__Dataset excerpt__.
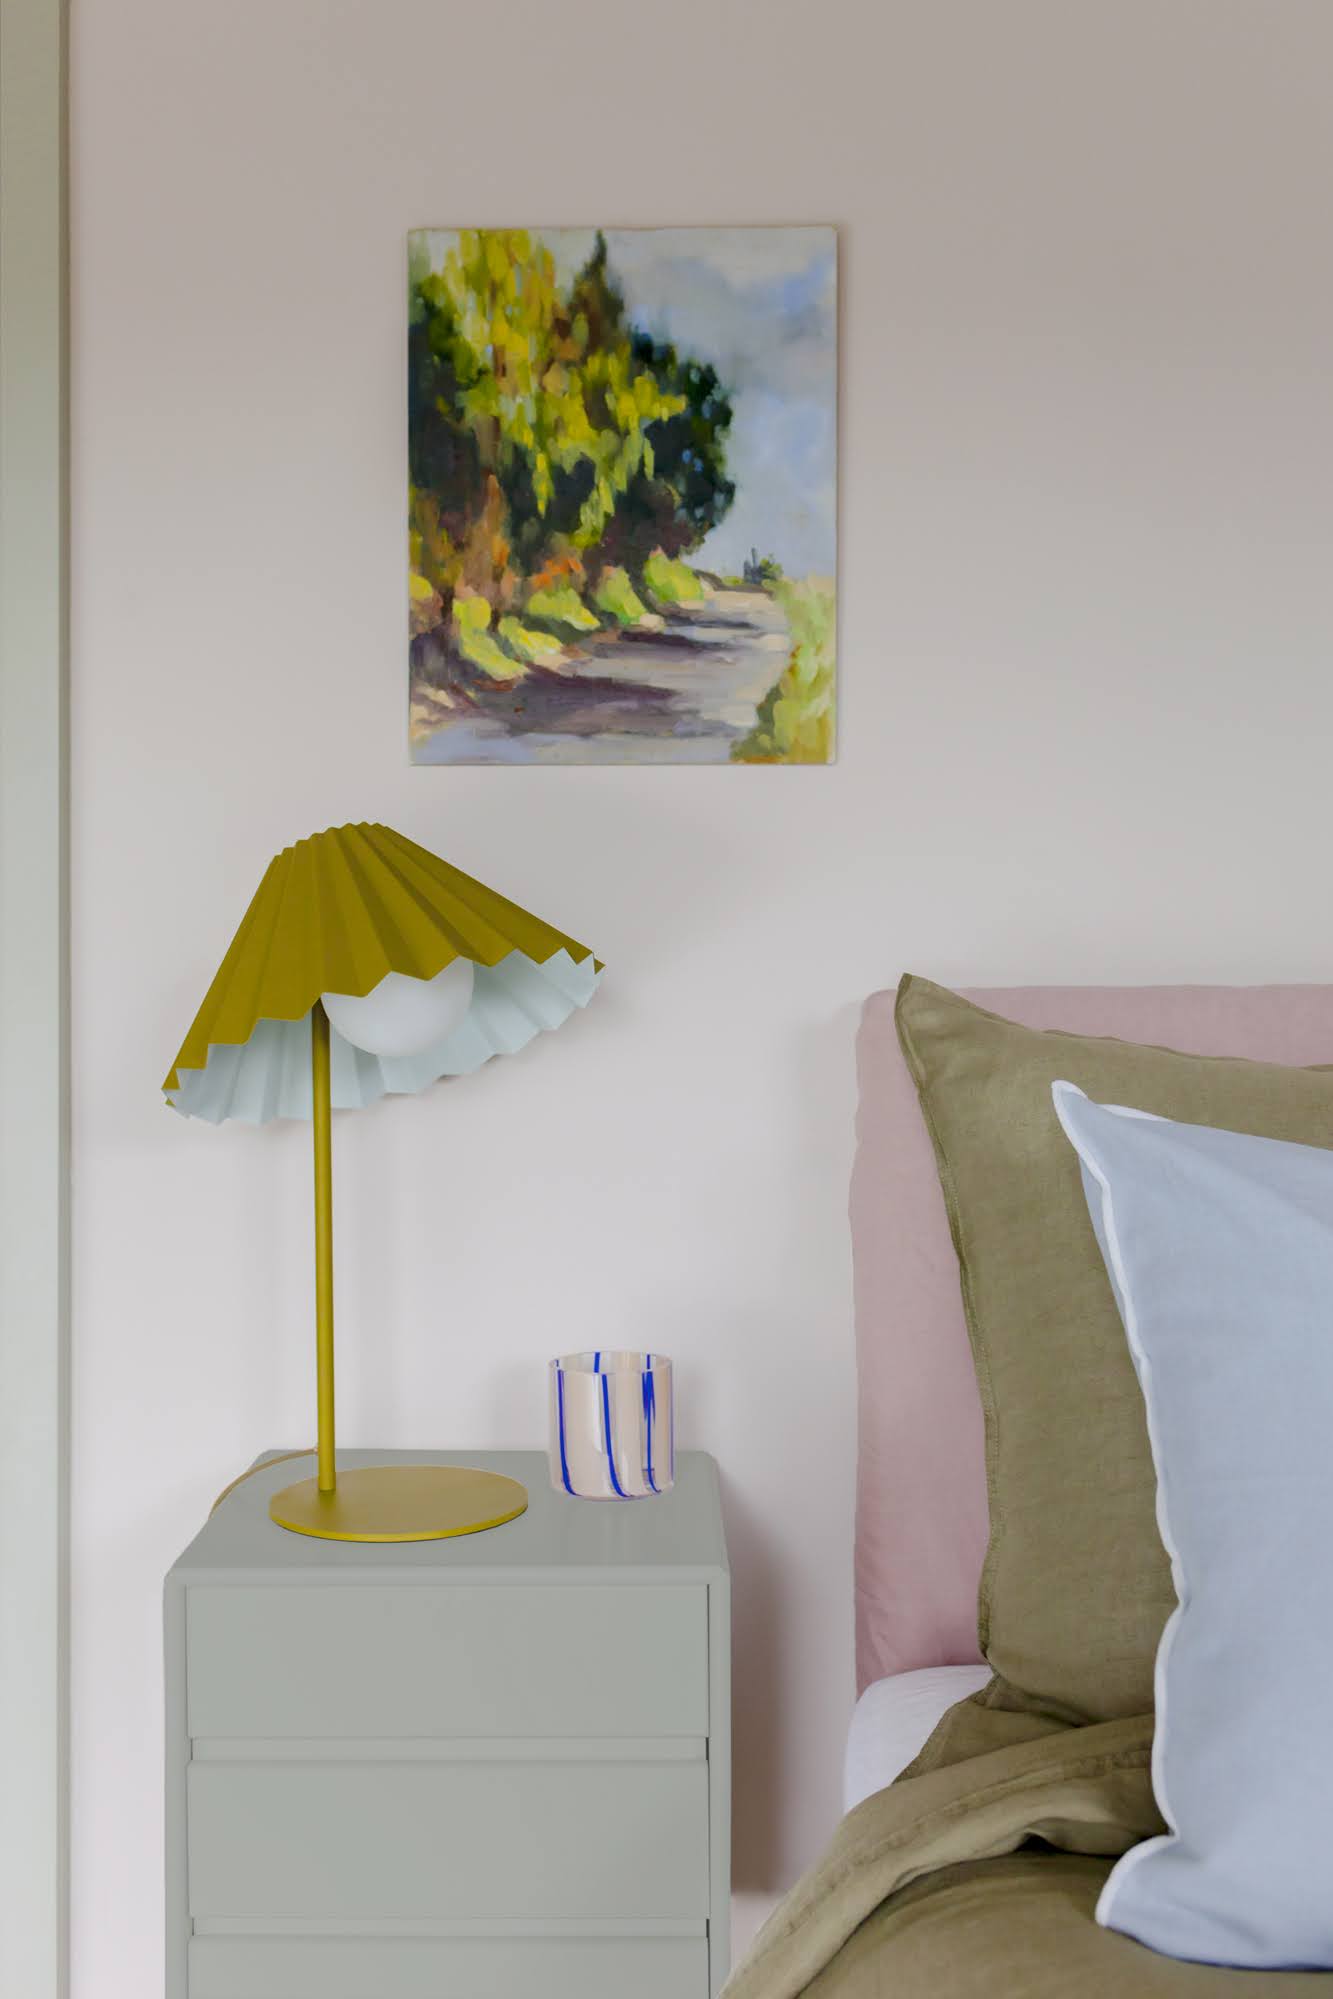 The Pleat Table lamp, in bedroom setting
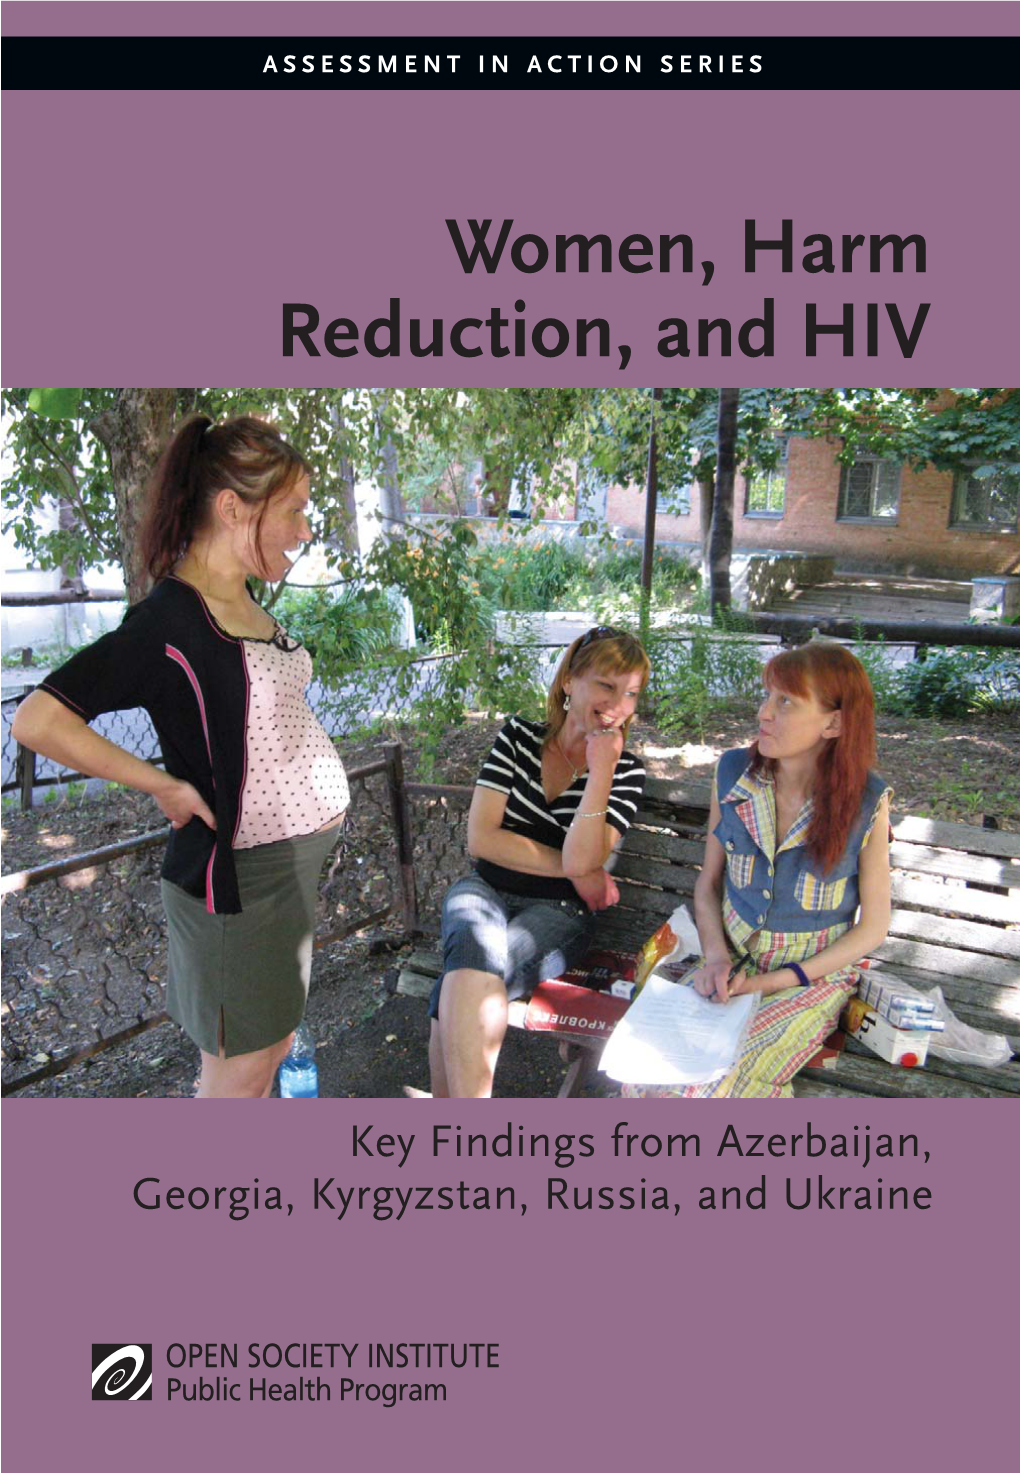 Women, Harm Reduction, and HIV
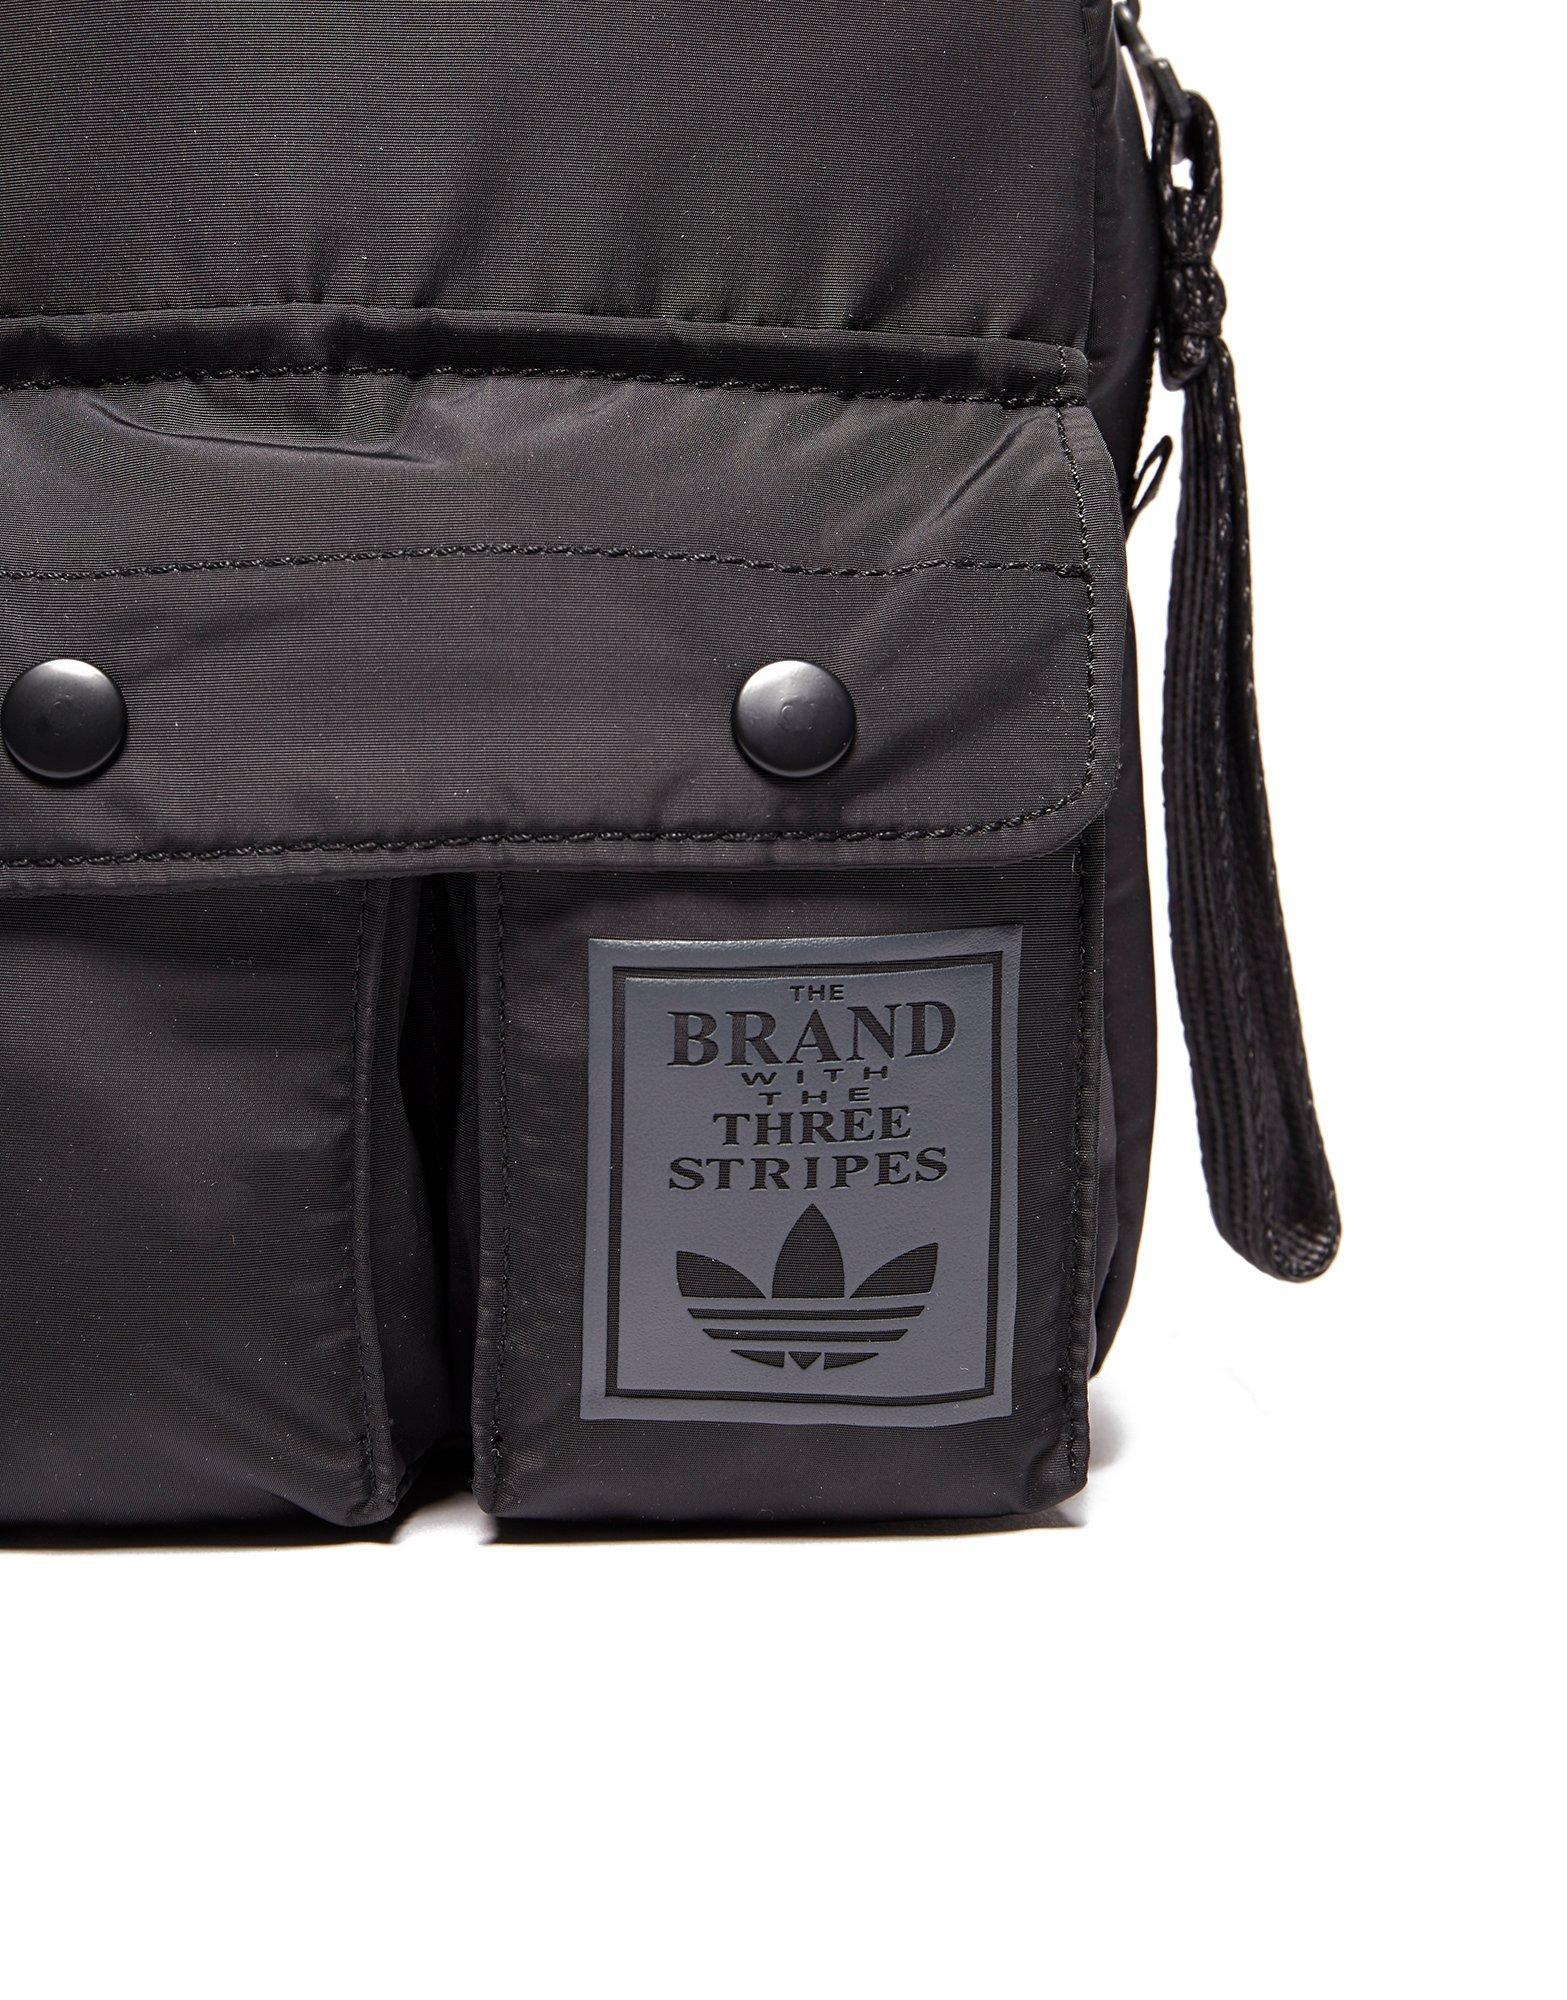 the brand with the three stripes bag

__Aim of the exercise__.
Retyped exactly, the lines from the one holding "Women, Harm Reduction, and HIV" through the last line of the data above are the whole answer. Pictures stay out.

__Task solution__.
 Women, Harm Reduction, and HIV
 the brand with the three stripes bag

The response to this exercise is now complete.